Atropine or glycopyrrolate is used with neostigmine
(block parasympathomimetic effects of neostigamine when neostigamine is used to reverse skeletal muscle relaxation after surgery. Serious cardiac arrhythmias have occasionally occurred.)

Answer 31

• Relatively nonirritating to the bronchi
• Eliminated the need for prophylactic use of muscarinic receptor antagonists
• • Atropine used to antagonize the parasympathomimetic effects of pyridostigmine or anticholinesterase agents such as neostigamine (drugs administered in treatment of MYASTHENIA GRAVIS)
• will not interfere with salutary effects at the skeletal neuromuscular junction. Most useful earily in therapy before tolerance to muscarinic side effects has developed. **

Question 32

Other Muscarinic Antagonists

Answer 32

Methscopolamine
Homatropine
Glycopyrrolate
Mepenzolate
Propantheline

Question 33

Methscopolamine bromide (4)

Answer 33

• Quaternary ammonium derivative of scopolamine. (lacks the central actions of scopolamine)
• limited to GI diseases
• Less potent than atropine and is poorly absorbed
• Action is more prolonged than atropine

Question 34

Homatropine methylbromide (4)

Answer 34

• Quaternary derivative of homatropine
• Less potent than atropine in antimuscarinic activity
• 4x more potent than atropine as a ganglionic blocking agent.
• Available in combination with hydrocodone as an antitussive combination.

Uses: 1. relief of GI spasm. 2. Adjunct in peptic ulcer disease.

Question 35

Glycopyrrolate

Answer 35

• Employed orally to inhibit GI motility.
• Used parentally to block the effects of vagal stimulation during anesthesia and surgery. (used in combination with formoterol fumarate, long-acting beta2 agonist for COPD)

Other antispasmodic drugs:
Tertiary amines: Dicyclomine hydrochloride, Flavoxate hydrochloride, Oxybutynin chloride, Tolterodine tartrate.

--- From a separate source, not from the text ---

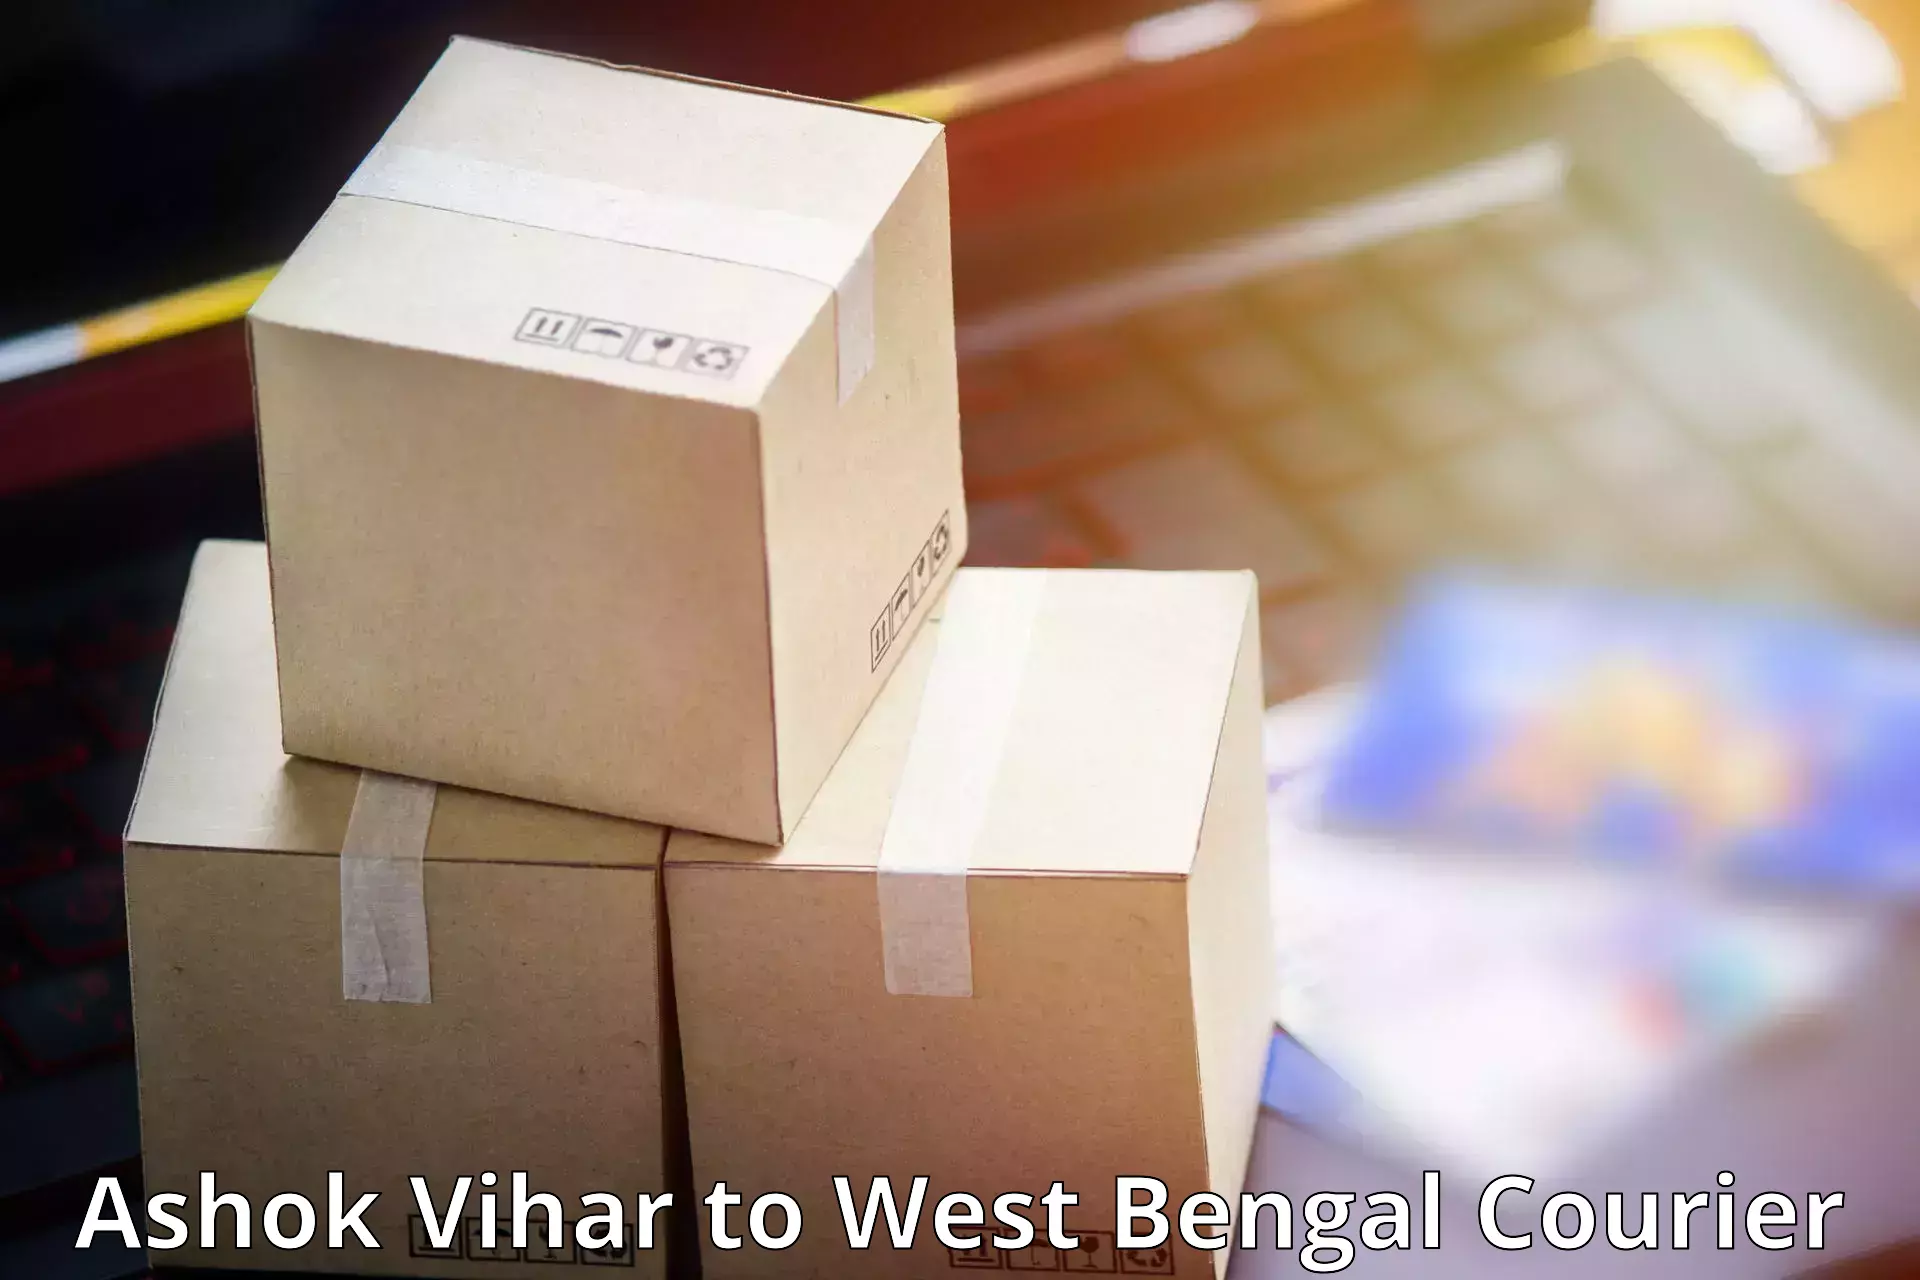 Subscription-based courier Ashok Vihar to Jhargram

Quaternary amine: Trospium chloride

All agents are used for their antispasmodic properties, decrease spasm of the GI tract, biliary tract, ureter and uterus.

Question 36

Mepenzolate Bromide (4)

Answer 36

Quaternary amine with peripheral actions similar to those of atropine.

Indications: adjunctive therapy of peptic ulcer disease. Has been used as an antispasmodic for the relief of GI disorders.

Question 37

Propantheline bromide

Answer 37

• More widely used of the synthetic NONSELECTIVE muscarinic receptor antagonist.
• High doses produce the symptoms of ganglionic blockade.
• Toxic doses block the skeletal neuromuscular junction.
• It’s duration of action is comparable to that of atropine (repeated doses may be needed)
• Treatment of marked excitement
• Support respiration and control of hyperthermia may be necessary.